Let $A,B$ real $n \times n$ matrices such that $A+iB$ is invertible.
I want to prove (if true) that $|A+iB|\cdot|A-iB| >0$
Of course, this is the same as $\big| (A+iB)(A-iB) \big|>0$, so, multiplying them gives $C= A^2 + iBA -iAB + B^2$
Can we say anthing about the determinant of $C$?
On
Conjugation commutes with addition and multiplication (i.e. $\overline{x\cdot y}=\overline x\cdot\overline y$ and $\overline{x+y}=\overline x+\overline y$), and taking the determinant is just a complicated set of additions and multiplications on the entries, so conjugation also commutes with taking the determinant. That implies the result you want.
It is true that $\det(A+iB)\det(A-iB) >0$ for your matrices. Here is one possible idea how to see and prove it. We know that $A$ and $B$ are real matrices.
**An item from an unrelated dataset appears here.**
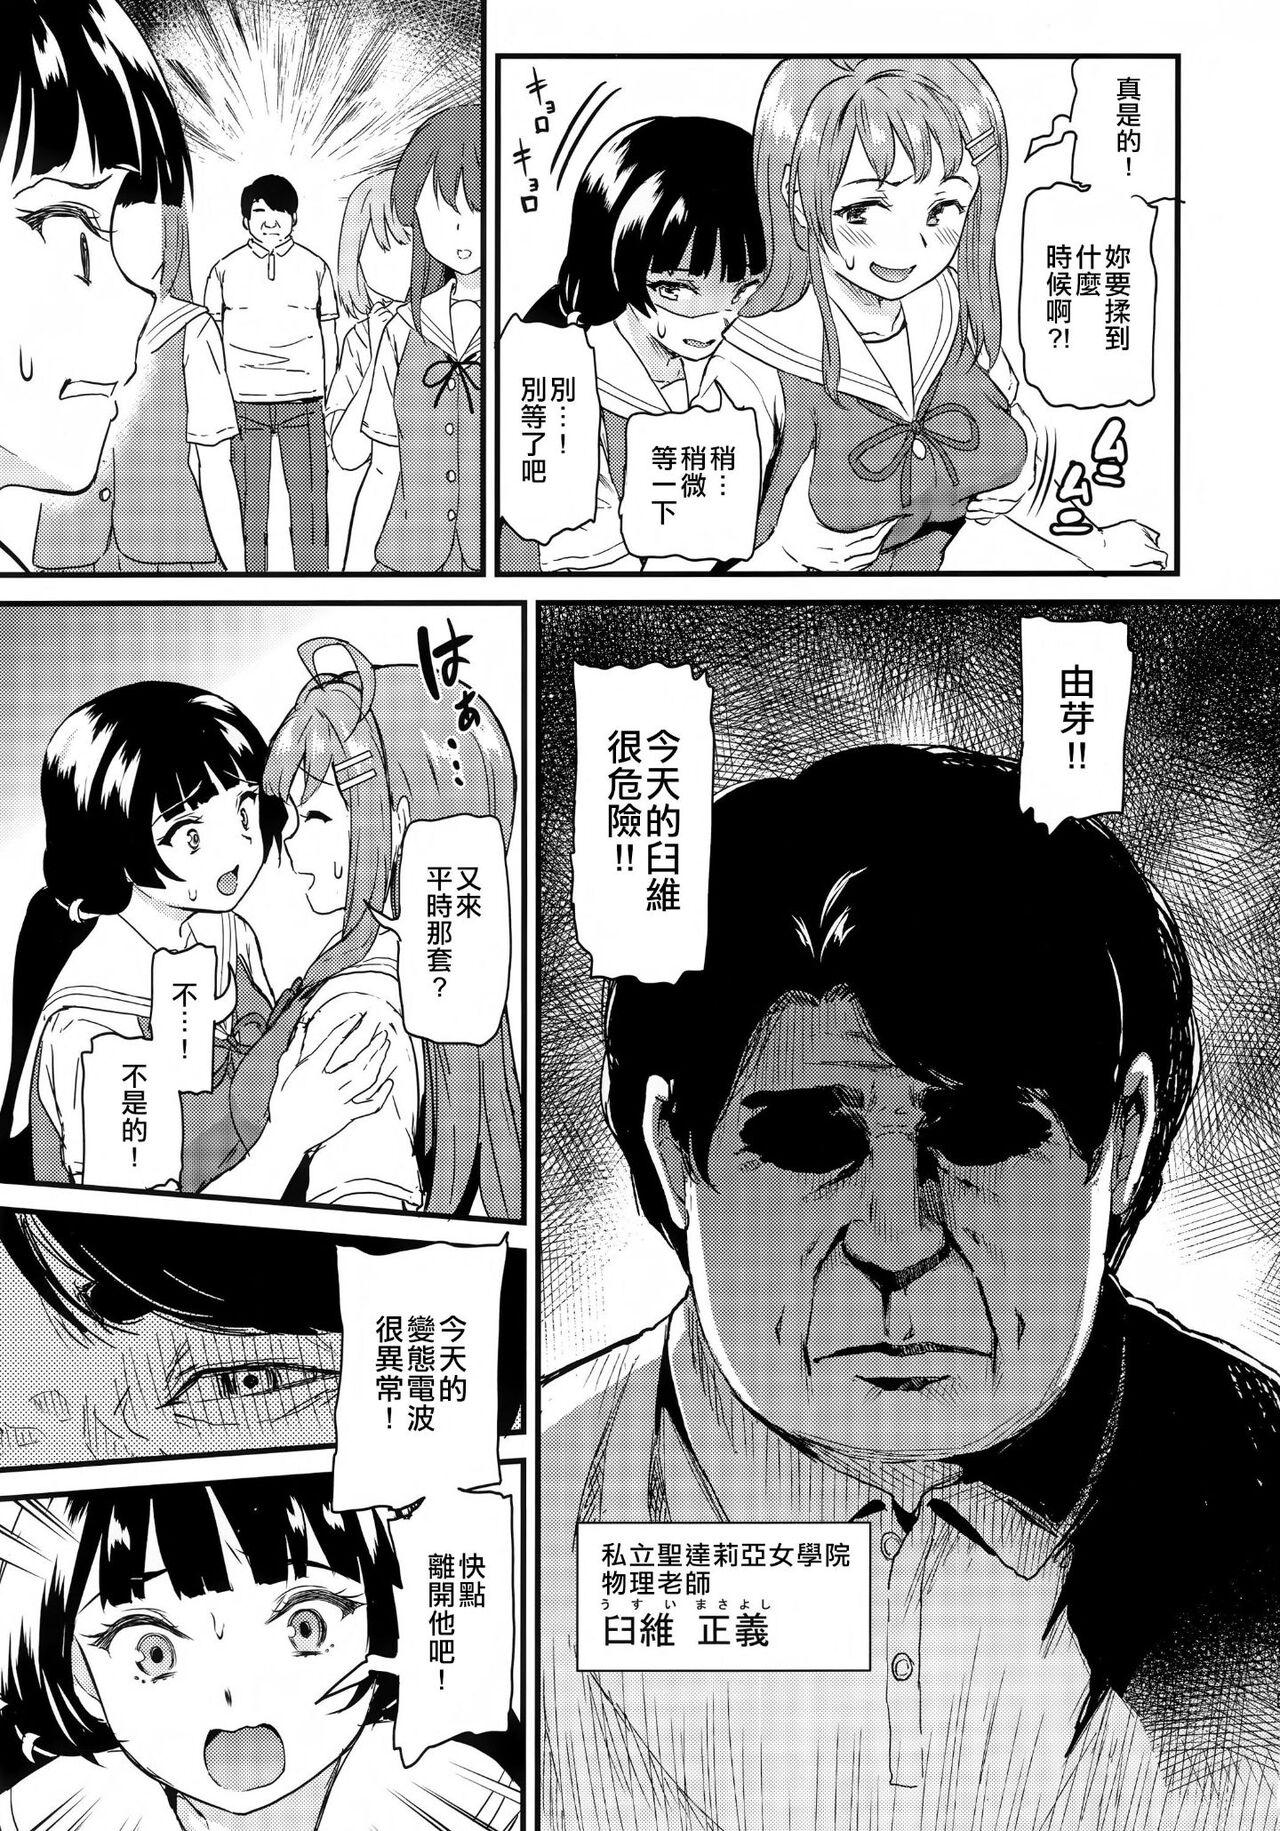 Latin 推シツケ From - Page 4

From this follows that $$ \overline{(A + iB)} = A - iB. $$ Now we would like to show that $\overline{\det (M)} = \det(\overline M)$. If this is true then we are almost finished because $$|A+iB|\cdot|A-iB| = z \overline z = |z|^2$$ for $z=\det(A+iB)$. Invertibiltiy will then be used to provide that $\det(A+iB)\neq 0$.
Now remains to show that $\overline{\det (M)} = \det(\overline M)$. This follows from the fact that determinant is a polynomial in matrix entries and $\overline{P(z_1,\cdots,z_n)} = P(\overline{z_1},\cdots, \overline{z_n})$ for all polynomials $P$ with real coefficients.